The do_suid function (defined in demonize.c) is called after the call to
init_modules(), so the mod_init functions of the configured module are
loaded before the call to do_suid. This wasn't a problem in 1.3 because
no module(I am aware off) use the uid and gid of the process to do
permission checks.
This has changed in 1.5, module carrierroute, as there is a check to see
if the route file in config-file mode (usually
/etc/kamailio/carrierroute.conf) has the right permission set on it
(Issues an warning if it's worldly writable and error if it's not
writable by the process owner). This of course is a problem because
kamailio hasn't yet setuid()/setgid() so the checks are done using the
wrong uid.
You should do the check then from child_init(PROC_INIT)
(rank==PROC_INIT). It's executed after setuid(), but before any real
forking (so you could still exit gracefully).

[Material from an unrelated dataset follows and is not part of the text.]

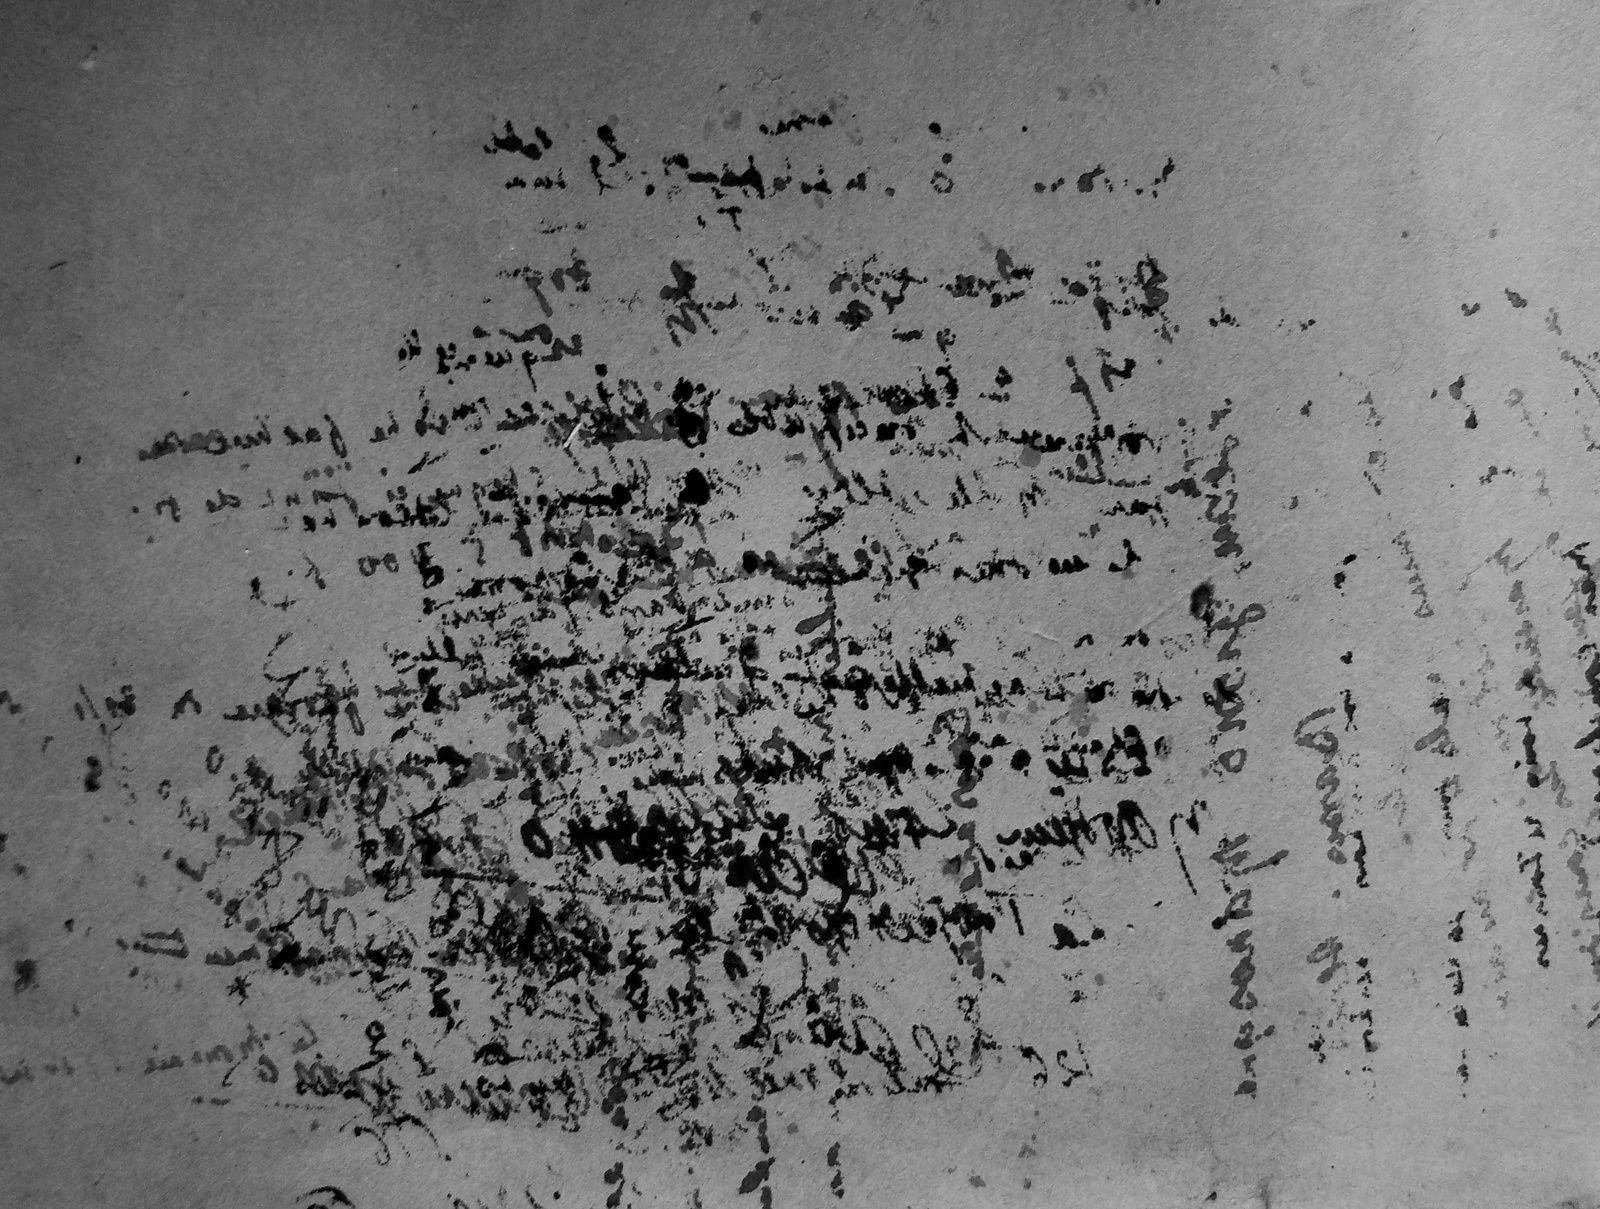 Sur un buvard de Giono, on peut  lire ce qu'il a écrit .....mais dans l'autre sens....
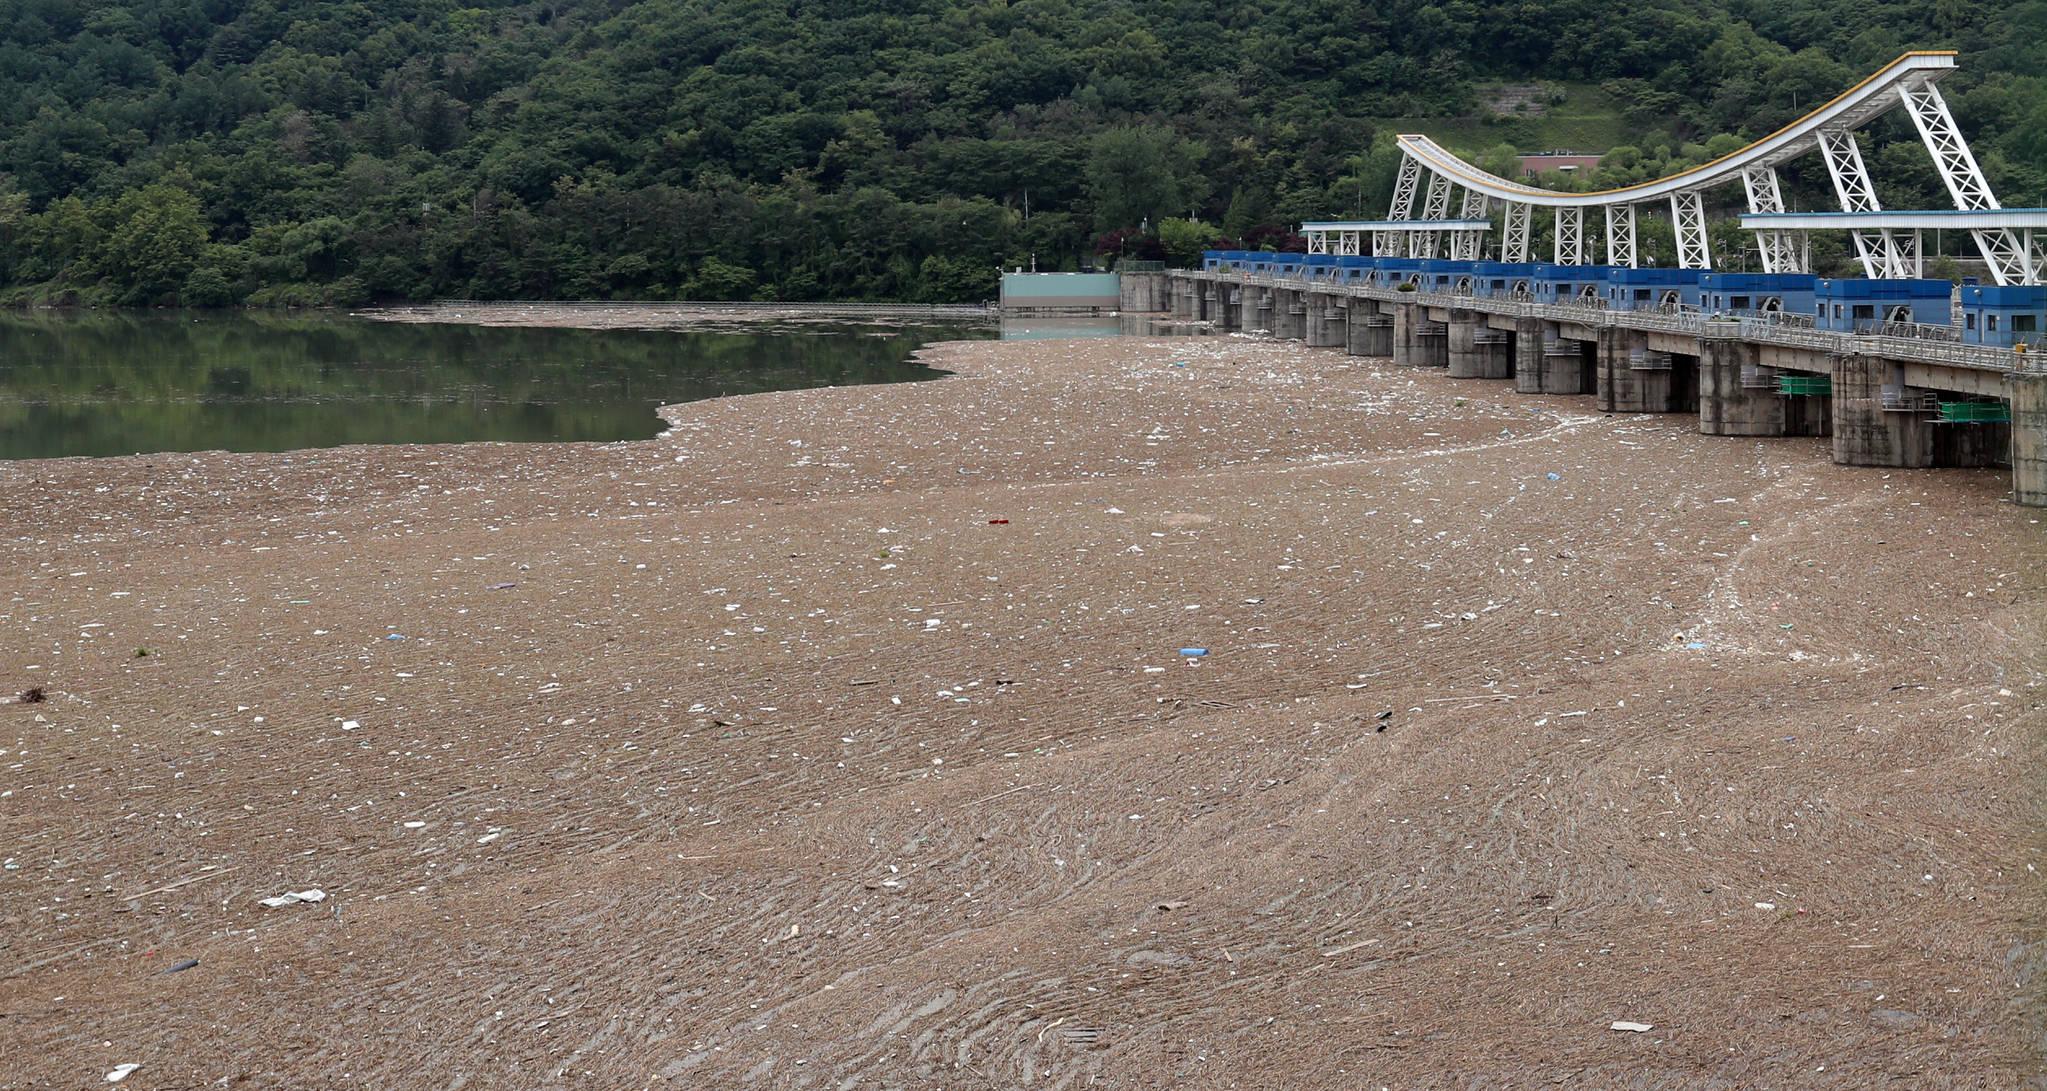 휴일인 22일 오후 경기도 하남시 팔당댐 상류 부근에 지난 16~18일 내렸던 집중호우에 떠내려온 쓰레기가 쌓여 있다. 김경록 기자

A correct (imho) course of action is to move the
call to do_suid
function before the call to init_modules()(and before any other calls to
initialization functions).
No, the do_suid() is on purpose _after_ the mod_init() to allow the
modules to open sockets/files a.s.o. before the suid part
(e.g. this way if started as root a module can open a socket on a port <
1024 from mod_init).
All the operations that require special privileges should be done from
mod_init().
Ok, so tests like in carrierroute module's mod_init (testing the
permission against what is returned from geteuid() and getegid()) should
be moved to a later stage?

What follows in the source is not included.